Die Abstimmung war der Auftakt des europäischen Superwahljahrs 2017 - ein großer Erfolg von Wilders wäre als Rückschlag für die Europäische Union gewertet worden. Weitere Etappen sind die Präsidentschaftswahlen in Frankreich im April/Mai und die Bundestagswahl im September. In beiden Ländern gibt es ebenfalls scharfe rechtspopulistische Attacken.

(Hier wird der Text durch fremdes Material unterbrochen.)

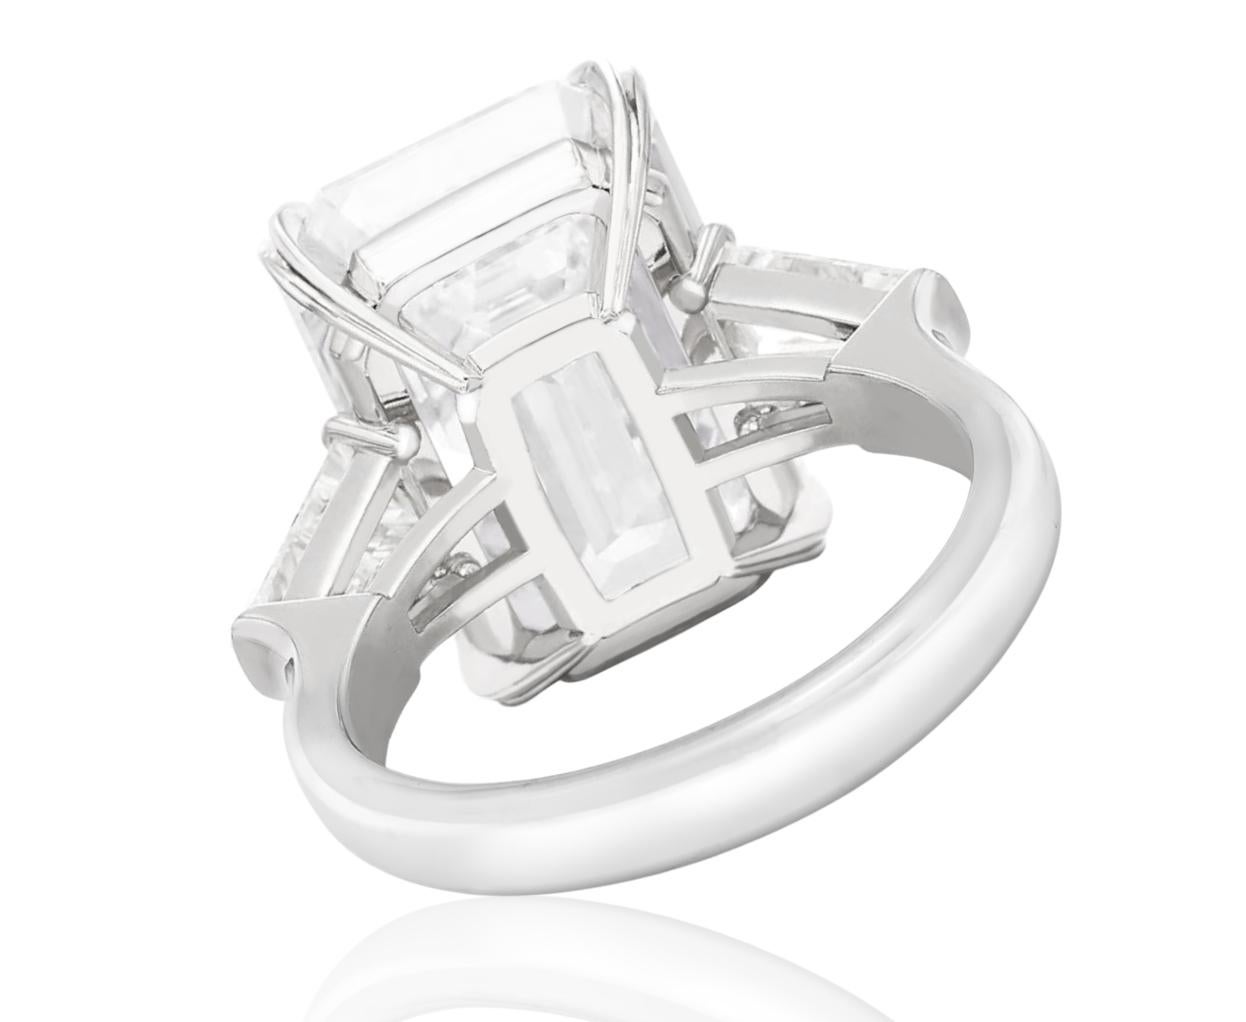 Antinori Fine Jewels ist stolz darauf, diese wichtige und beeindruckende 6 Karat GIA-zertifiziert anzubieten  Diamantring mit Smaragdschliff. 

Der Ring besteht aus einem smaragdgeschliffenen Diamanten mit einem Gewicht von 6 Karat, begleitet von

Eigentlicher Wahlgewinner sind die Grünen, die sich deutlich verbessern konnten und in Amsterdam sogar siegten. In der zweitgrößten Stadt Rotterdam wurde Ruttes VVD stärkste Kraft. Der seit 2010 amtierende Premier Rutte kann seine bisherige Koalition mit den Sozialdemokraten allerdings nicht fortsetzen. Der Bündnispartner wurde massiv abgestraft und erlitt eine in der niederländischen Parlamentsgeschichte beispiellose Niederlage.

Hohe Wahlbeteiligung

Die Beteiligung der Bürger lag nach einem zugespitzten Wahlkampf bei 81 Prozent - deutlich höher als 2012. Damals beteiligten sich knapp 75 Prozent der etwa 13 Millionen Stimmberechtigten.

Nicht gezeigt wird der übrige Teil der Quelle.